小さかったその子はもう立派な大人になりました。
でもどうやら親御様はまだその山を登っている途中のようです。
道が緩やかになったように見えても忘れてはいけません。
山の天気はいつでも変わりやすく、アクシデントは付き物です。
しかし親御様はそんなことは当たり前のことでそうあることが自然だと思っているはずです。
それはきっとその先の景色を楽しみにしているからではないでしょうか。
20年、30年と歩いてきた今でさえ、きっと頂上はまだまだ先でしょう。
そして大きな節目に出会います。
いつも愛情を持って一緒に歩いてきたメンバーの一人がここからは別のメンバーと歩いていくと打ち明けます。
それがあなたの結婚です。
もし親御様の立場ならこの時どんな言葉をかけてあげられるでしょうか。
本音を口に出したくなっても
「おめでとう。気をつけて。新しいメンバーと一緒に頑張って」
そう言うかもしれません。
その言葉に嘘は一切ありません。
でも一番大事な本音は誰もが心の奥に閉じ込めているのではないでしょうか。
それが親の愛情だからです。
2021年初頭。
結婚式を予定通りの日程で執り行う方達のほとんどが規模を縮小しています。
どうしても一緒にその時間と空間を共有したかった人と過ごすことが叶わない悲しさ。
どうして、なぜ、そんな感情に押しつぶされそうになることもあるかもしれません。
この結婚式にはもちろんまだ続きがあります。
でもこの日一日を通して一番大切な時間だったのは挙式の指輪交換よりもパーティーのクライマックスよりももしかしたらこの時間だったのではと思い今回のブログは一旦ここで区切らせていただきます。

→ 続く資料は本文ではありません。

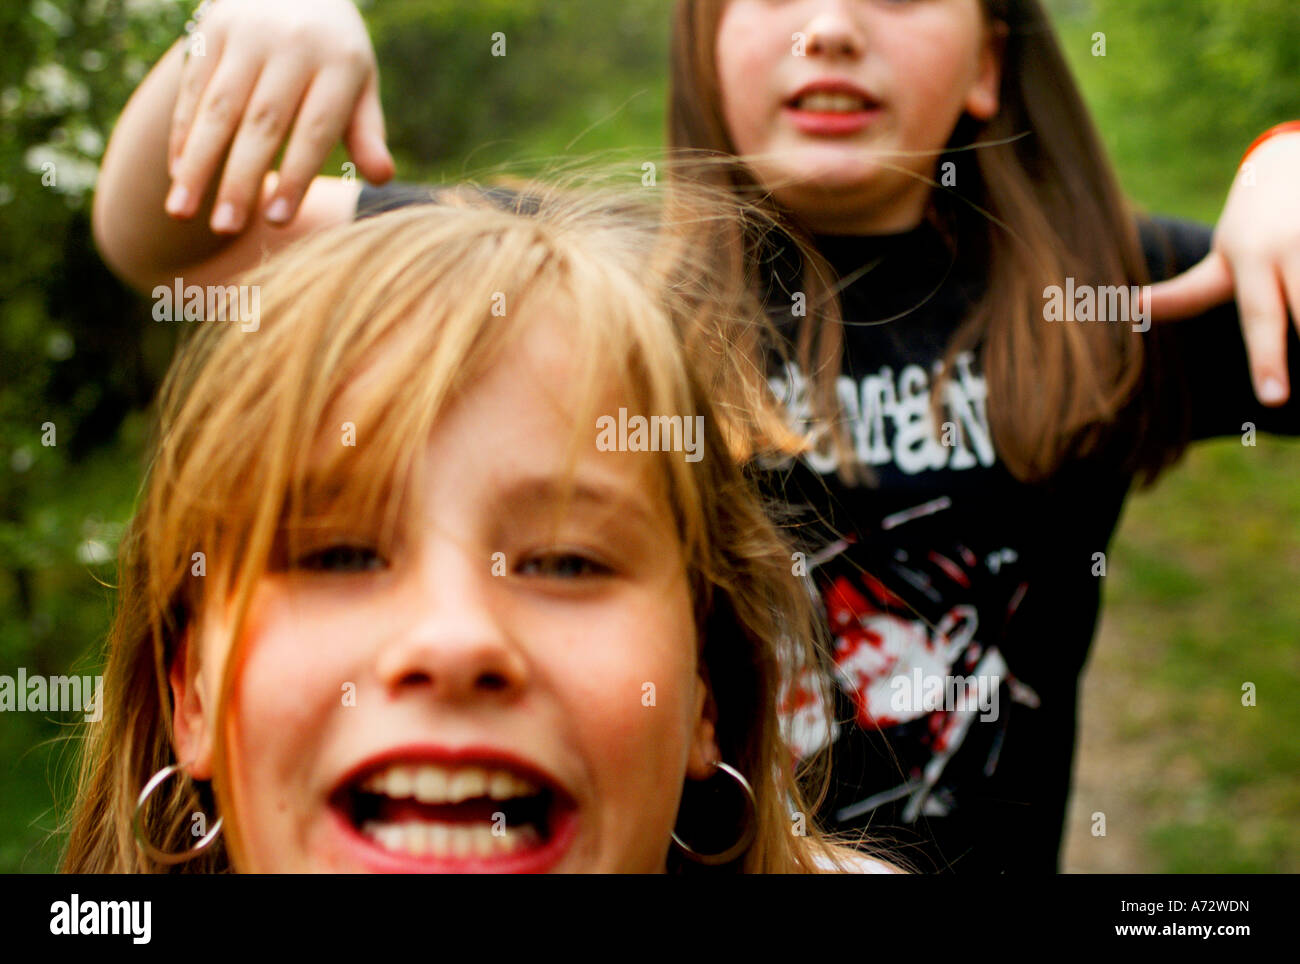 two children playing and messing about Stock Photo

出席人数が減ってしまいご家族だけになったとしても結婚式をやる意味を見失う必要はありません。
挙式さえ満足に行えなかったとしても、一番大切なことはこのブログでお伝えしたような時間の中に詰まっていると思うからです。
失くしたもの数よりも今あるものの数を数えよう。
もしあなたが同じように感じていただけるなら、自分やパートナー、そして親御様とまっすぐ向き合う時間を作ってみていただきたいです。